Among other issues I’ve been having with new builds this week, I cannot get any phones to attach via VPN configure in EPM.
I have an older establishes system from earlier this summer using D65/D62 phones and this works fine. If I add a new PJSIP extension to this existing system and then take a phone in my office and configure it to connect it will get the config and connect via the VPN no problem.
The new system I built this week however won’t allow VPN connections for some reason. All settings on the two systems appear Identical as far as I can tell. At first I thought it was the P315 phones as I hadn’t used them before but even my test P315 will connect to the older system but not to any new systems I build.
I don’t know where in the back end to look for logs to see what’s going on so if anyone has that info I’d really appreciate it.
I’ve now rebuilt 3 systems of FreePBX distro 15 from scratch and all 3 will not allow VPN connections from either a D62 or P315 phone that will connect to other older builds.
The phones connect fine without the VPN. If I go into EPM > extension mapping and edit the extension to specify the VPN client, then rebuilt and update phone, the phone updates, reboots and then fails contacting proxy 10.8.0.1:5070transport=udp
Question: does it matter what order settings are created in when using the built in VPN server? So for instance, do you have activate the VPN server first, then create the extensions, then alter/apply the settings in user management (with regard to VPN)?
Or does it not matter as long as after any changes you rebuild the config files in EPM??
Something is definitely screwy here or I’m missing something stupid and simple.
If anyone can spin up a new FreePBX Distro 15 and see if they can get the built in VPN to work (or not work) to confirm I’m not crazy that would be awesome.
In Vultr I took a snapshot of a system that has working VPN phones and then loaded that snapshot on a new Vultr VM. Changed the appropriate network settings and I can get phones to connect via VPN. Build a new server and I can’t.
New install this morning again from scratch:
FreePBX 15 Distro
Did not do the full battery of module and system updates during install, no firewall turned on
Updated EPM module only because I needed P315 support
Installed a certificate on the system, made it the default
Set up one extension, added mac address under Other tab to create EPM entry
change PJSIP Port to 5070 in Advanced > Sip Setting
reboot system to make sure asterisk restarts with PJSIP port 5070
set up EPM Global settings
set up EPM sangoma phone profile for P315
Set up DPMA
set up VPN Server
set VPN permissions in user management
set up phone to connect without vpn, phone connects, gets config.
enable VPN on phone in EPM > Extension Mapping, assign VPN profile in EPM > Extension mapping
rebuild config and Update phone
Phone gets config, updates, reboots and fails trying at:
I’m at a loss here… Either something is very broken or I’m missing something really simple but I can’t see what. I suspect the latter but I’ll be damned if I can see it.

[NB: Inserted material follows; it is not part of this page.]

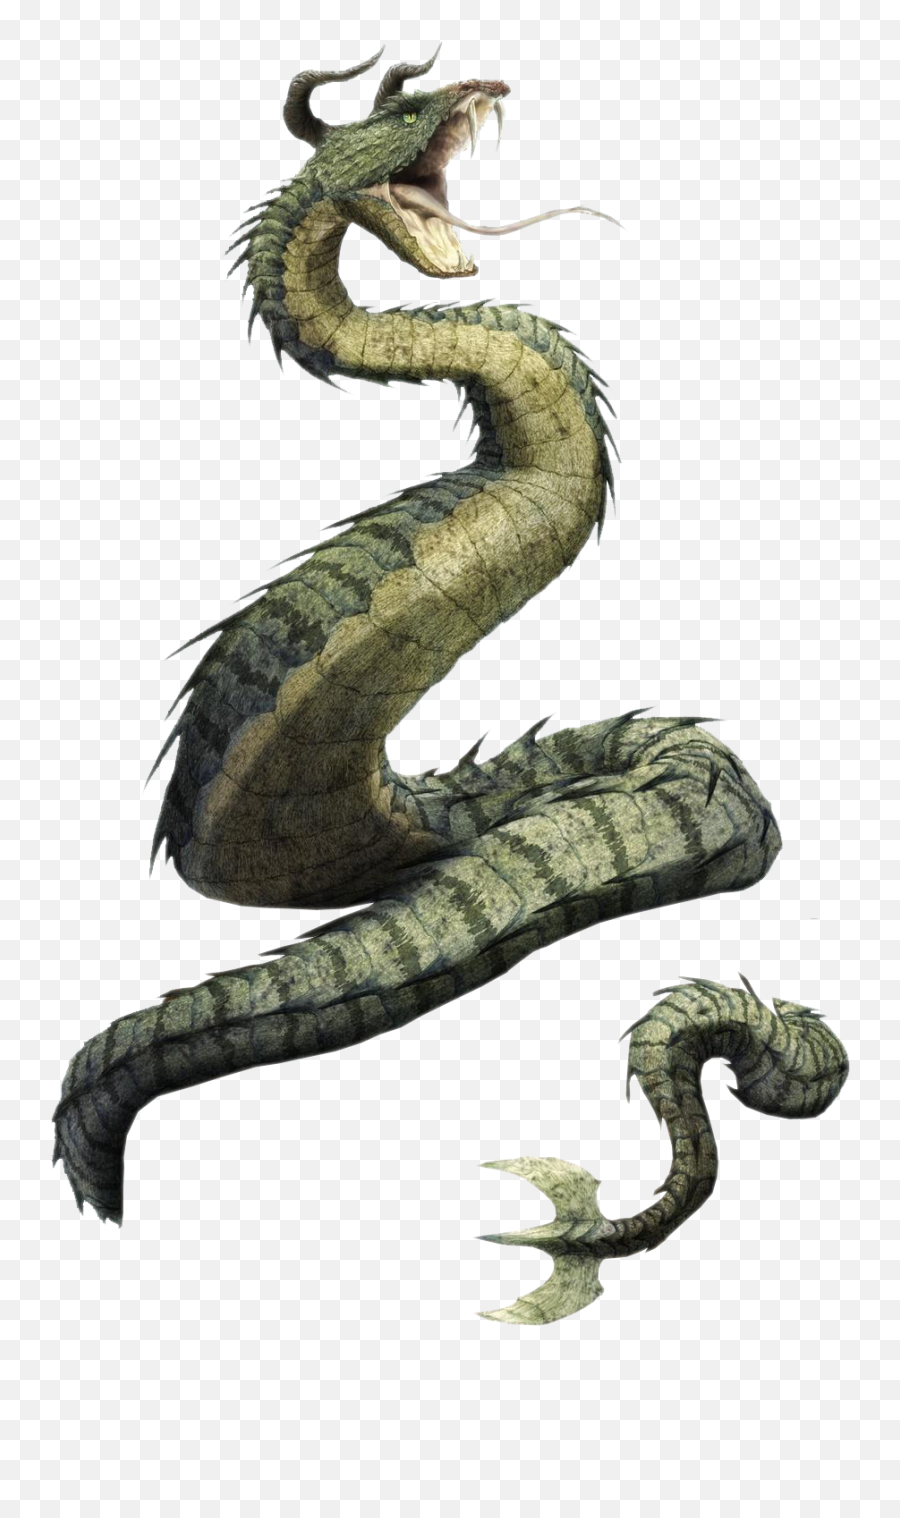 Serpent Png - Serpent Png Snake Dragons 3735358 Vippng Snake Dragon Concept Art Emoji,Snake Emoji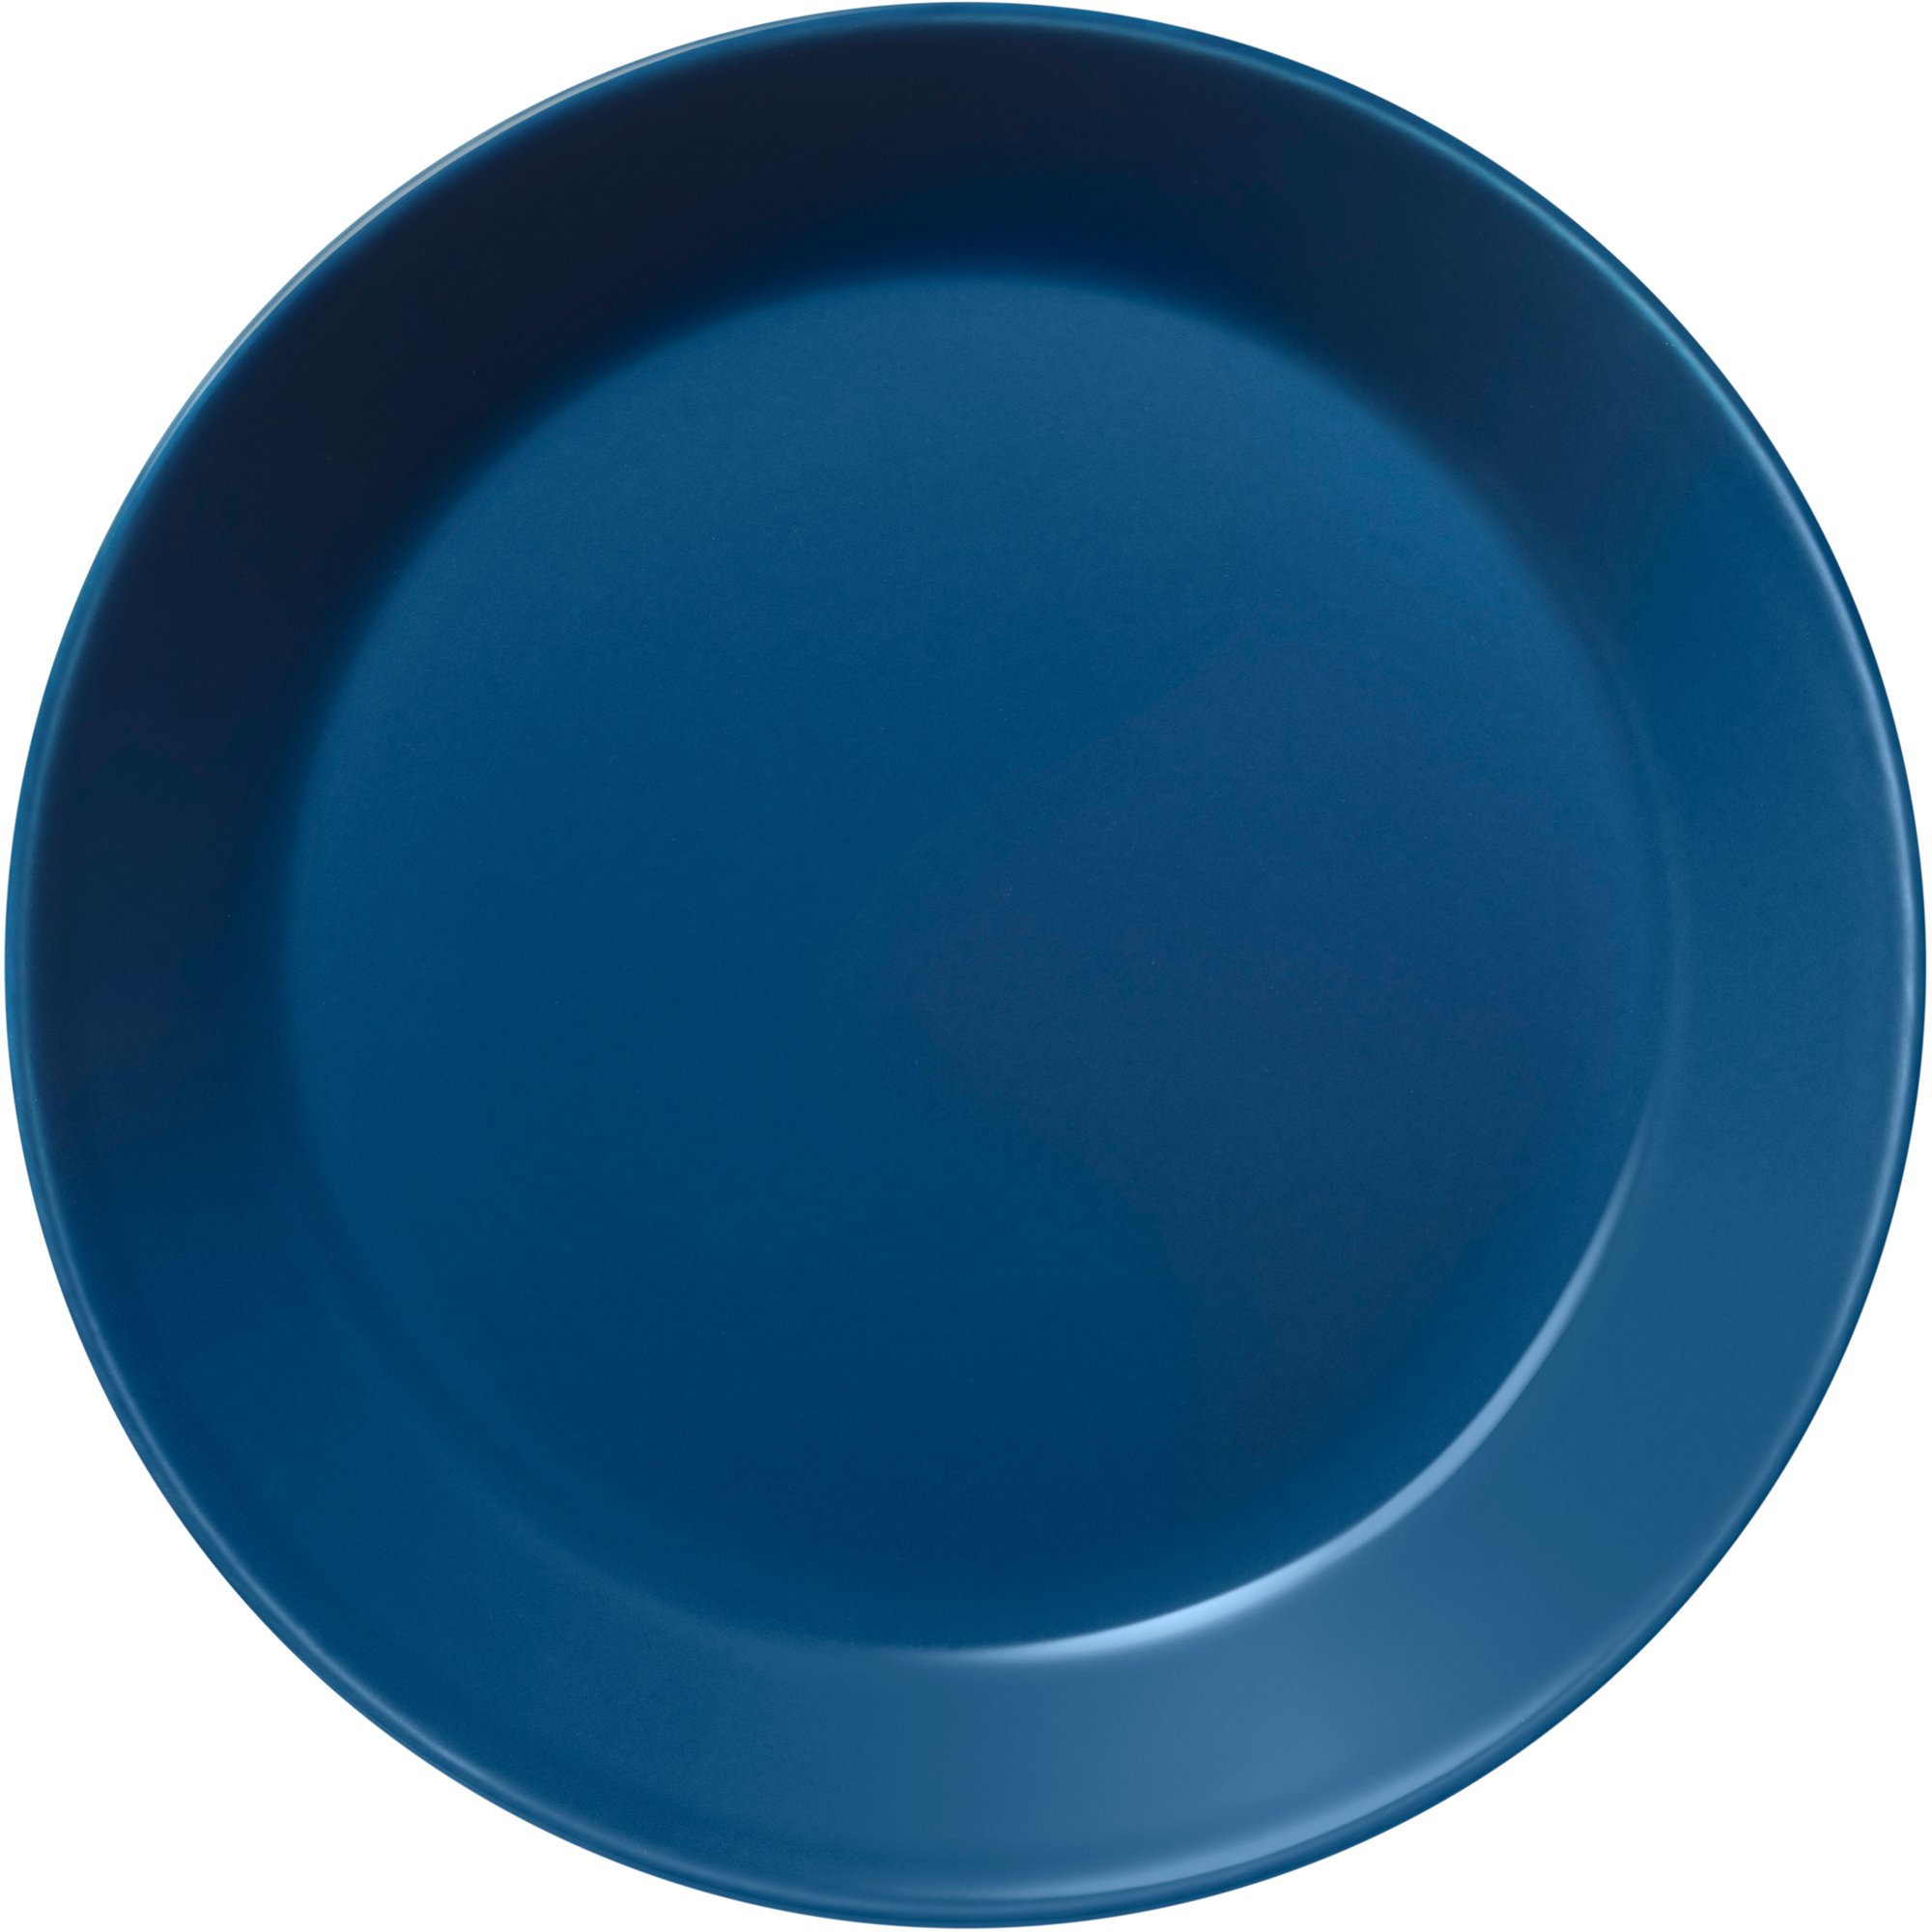 Iittala Teema tallerken, 17 cm, vintage blå

Try changing from UDP to TCP. I have also had issues with phones dropping inbound calls anywhere between 30 and 120 seconds but outbound calls are just fine. When I change from UDP to TCP all my issues seem to go away.
I have also had strange issues with the VPN connection just dropping and reattaching for no reason that I can find. I also found that if I just used the Firewall and Fail2ban in asterisk did not use the firewall on Vultr or DigitalOcean that it helped with these issues as well.
This isn’t a dropout issue, I can’t even connect. I’ve even tried with NO firewalls involved to eliminate that possibility. The most frustrating part is that I can’t find logging anywhere to tell me what if anything is happening with the phones that are trying to connect. I can’t believe that there isn’t a log somewhere.
Working with Sangoma Support now… They suggested I download the openvpn client file from UCP and try to connect from my pc. Did that, it works perfectly… no problem, right in.
Phones still won’t connect to any new system I build… pulling my hair out here.
Not sure what phones you are using but you can use the same files from the UCP for most phones and ATA. I just tested and I had to fiddle with it for the iPhone. On my Sangoma phones it works for me either through the Endpoint Management or via the web interface on the phone.
Using sangoma P315 phones for the particular installation that I’m dealing with at the moment. usually I use the D series phones. Sangoma support confirmed a bug in the way the TLS connection is handled (no other details unfortunately) between system admin and the phones. They’ve opened a ticket with development supposedly (no other details unfortunately). Waiting to hear back if they have any info on a work around.
Upgrade EPM to edge, rebuild the phone config in EPM and apply config then reprovision the phone. Worked for me on the first try.
As an aside, if you’re using zero-touch redirect AND the phone vpn client together, we are seeing a conflict with those two things enabled at once. Choose just one for now.